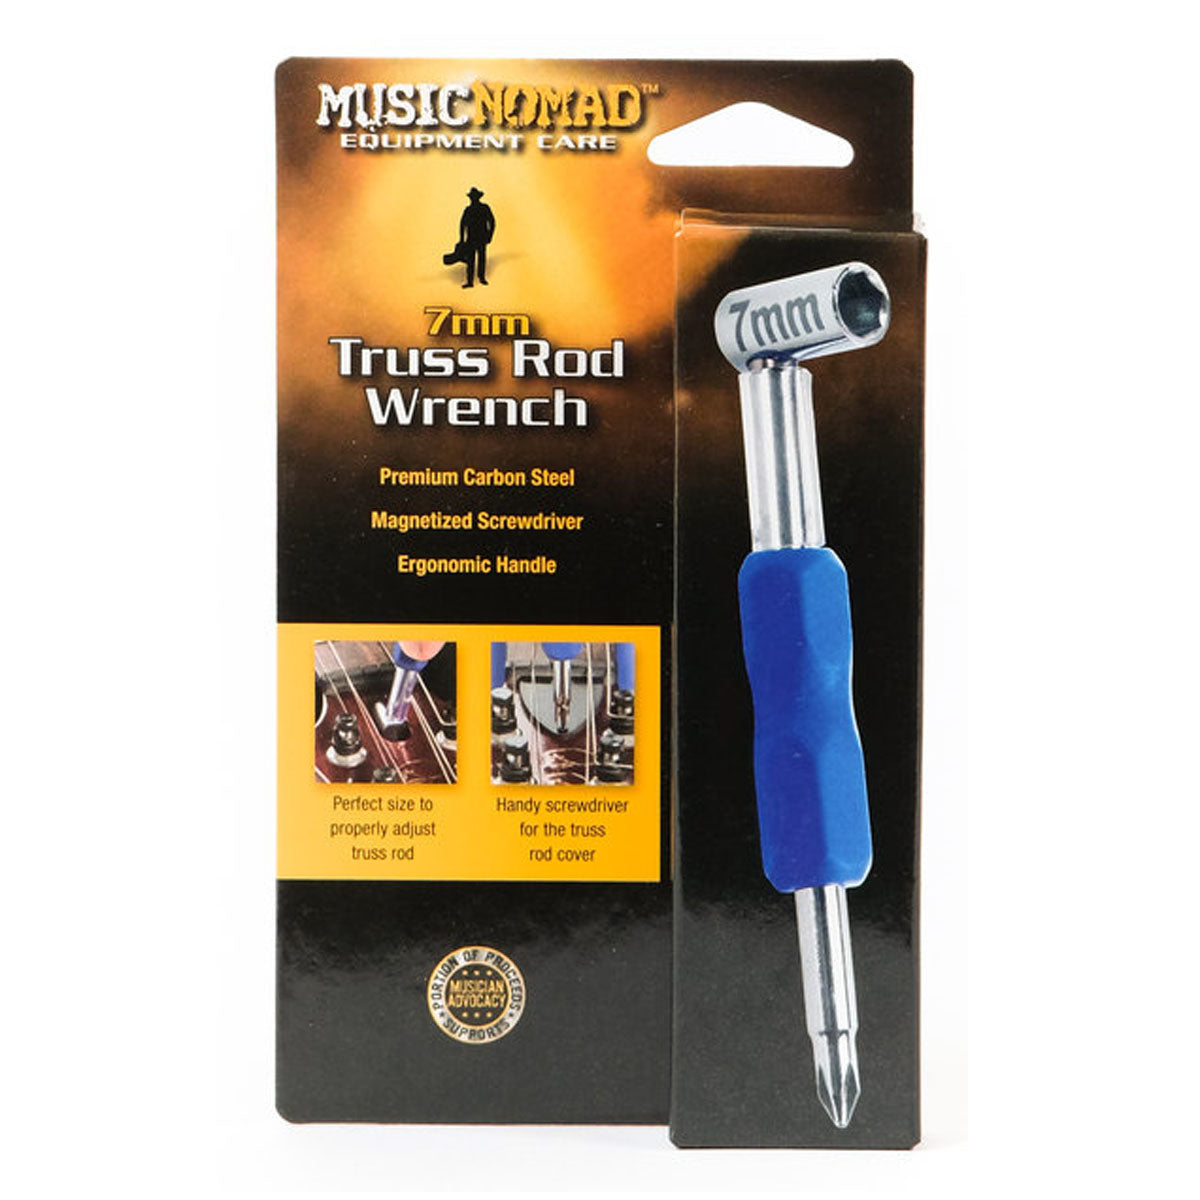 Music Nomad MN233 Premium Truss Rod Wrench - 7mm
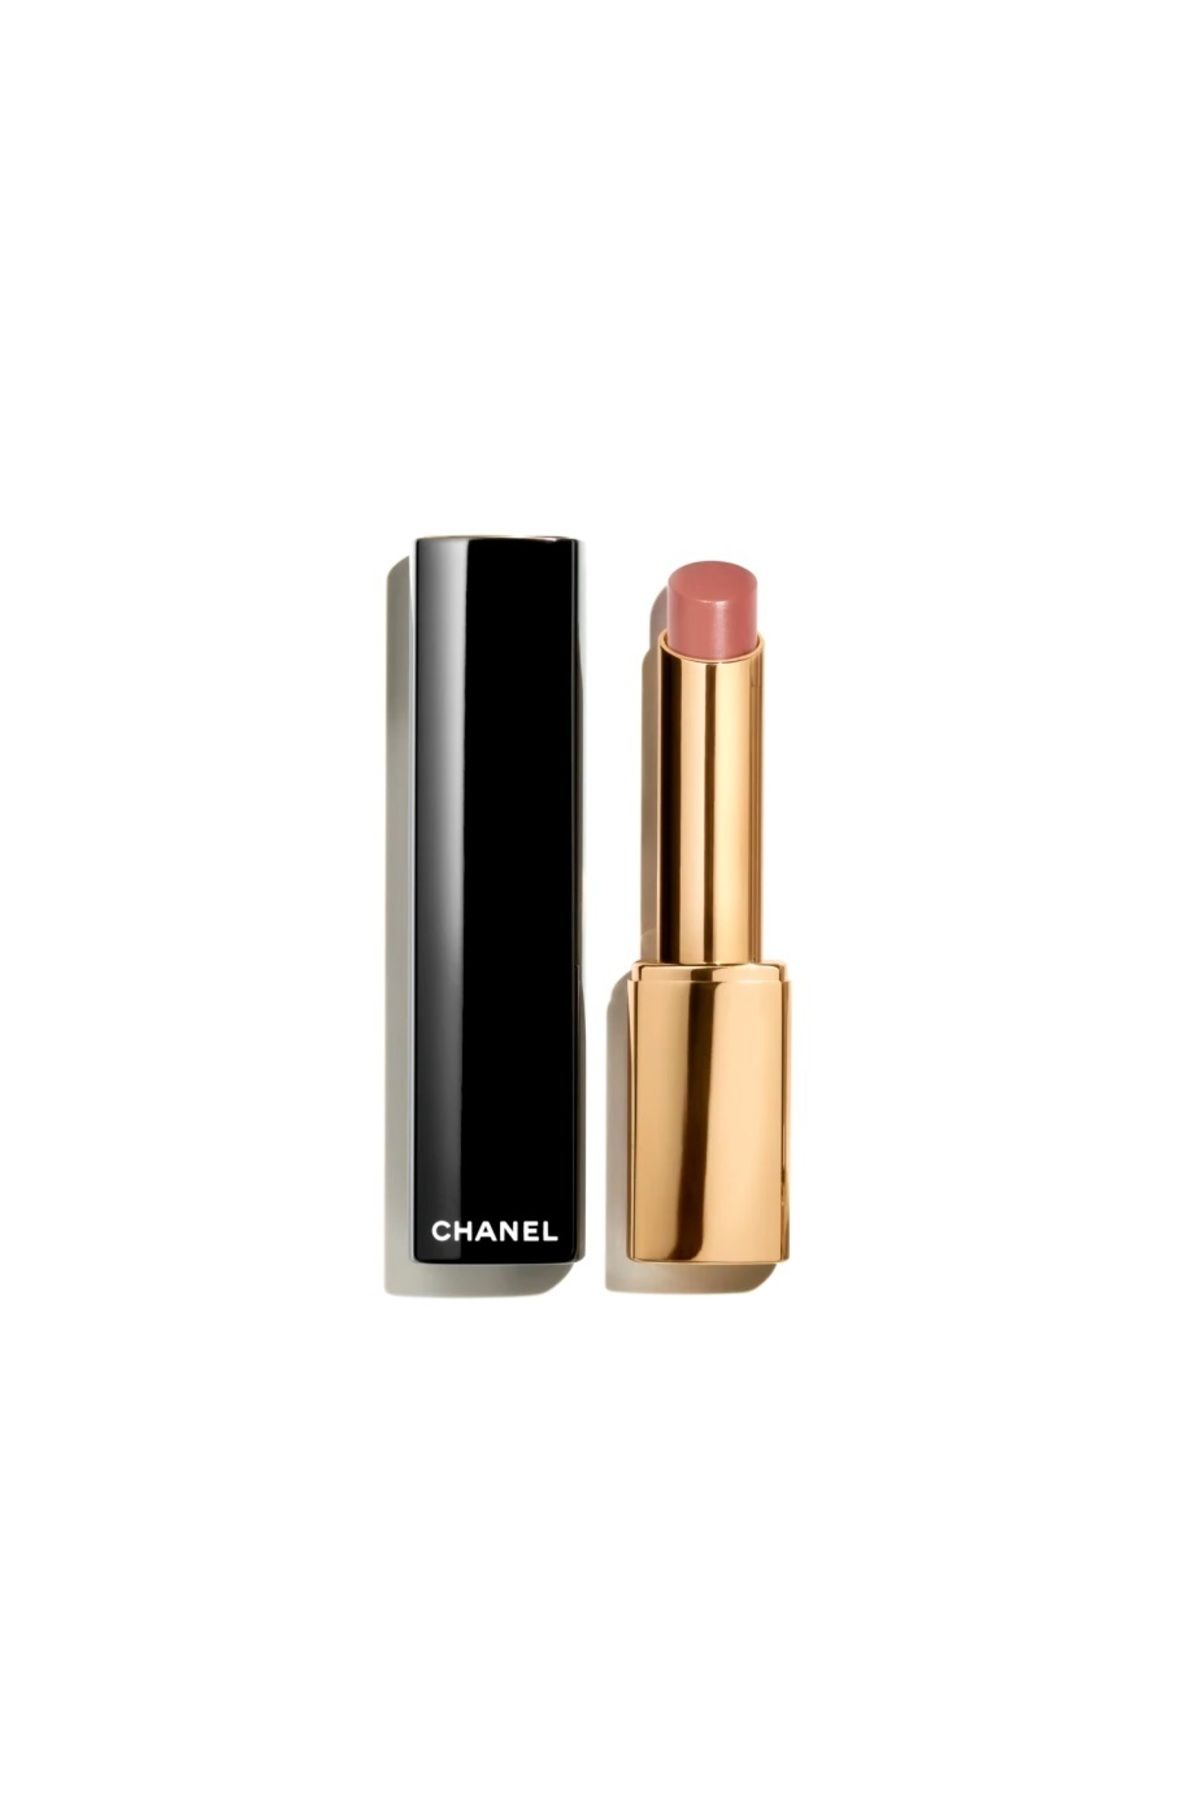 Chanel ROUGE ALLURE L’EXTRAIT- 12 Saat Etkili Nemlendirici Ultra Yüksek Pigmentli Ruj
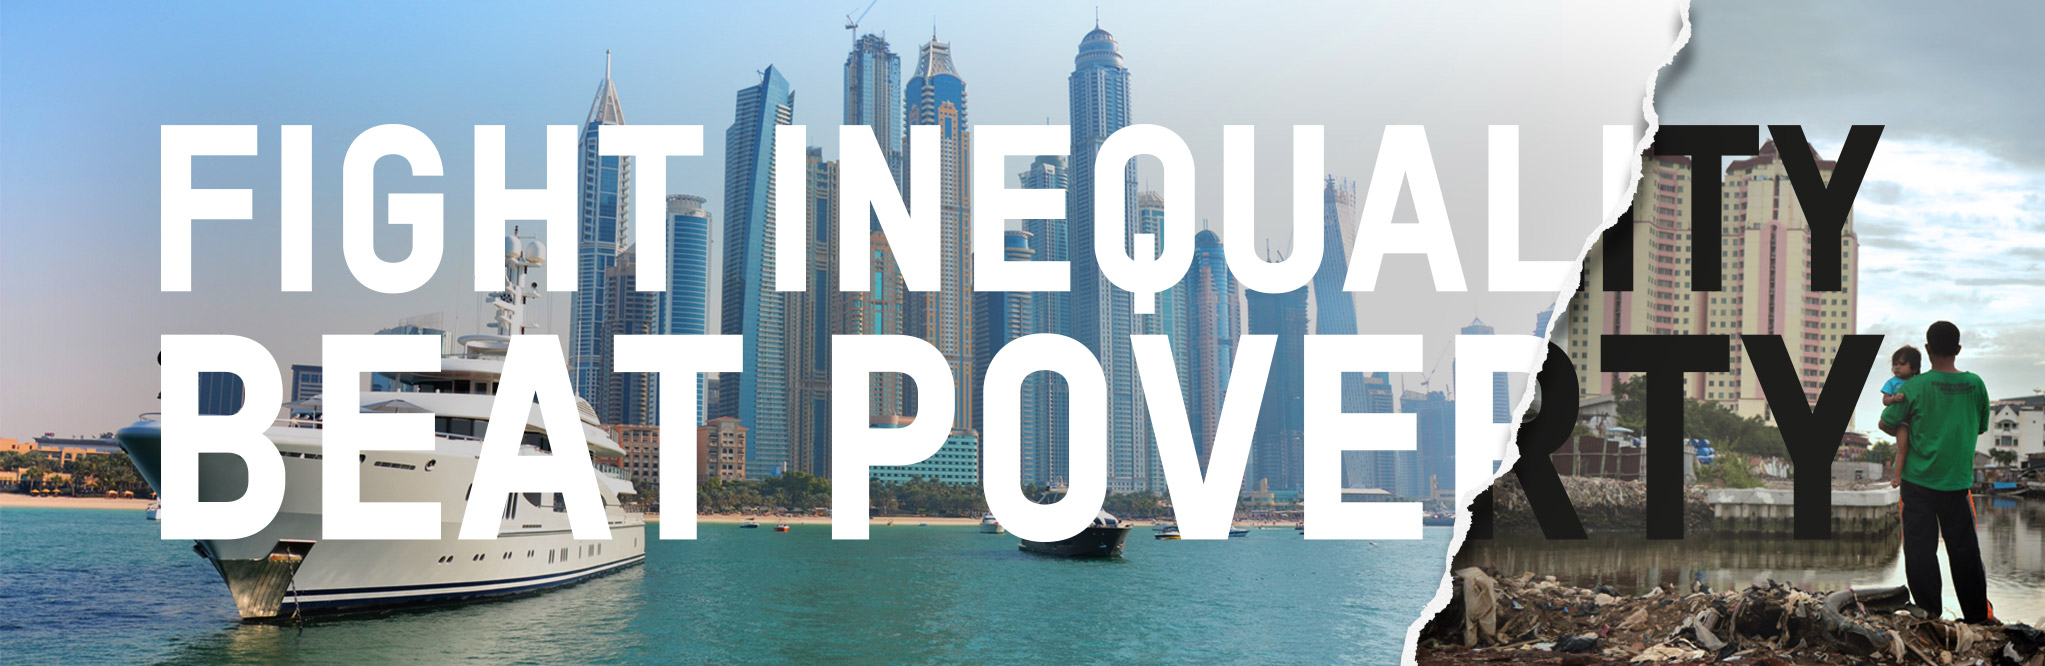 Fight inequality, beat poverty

Activity:
Could every line above be set down exactly, with the pictures omitted?

Answer section:
 Music Nomad MN233 Premium Truss Rod Wrench - 7mm
 Chanel ROUGE ALLURE L’EXTRAIT- 12 Saat Etkili Nemlendirici Ultra Yüksek Pigmentli Ruj
 Fight inequality, beat poverty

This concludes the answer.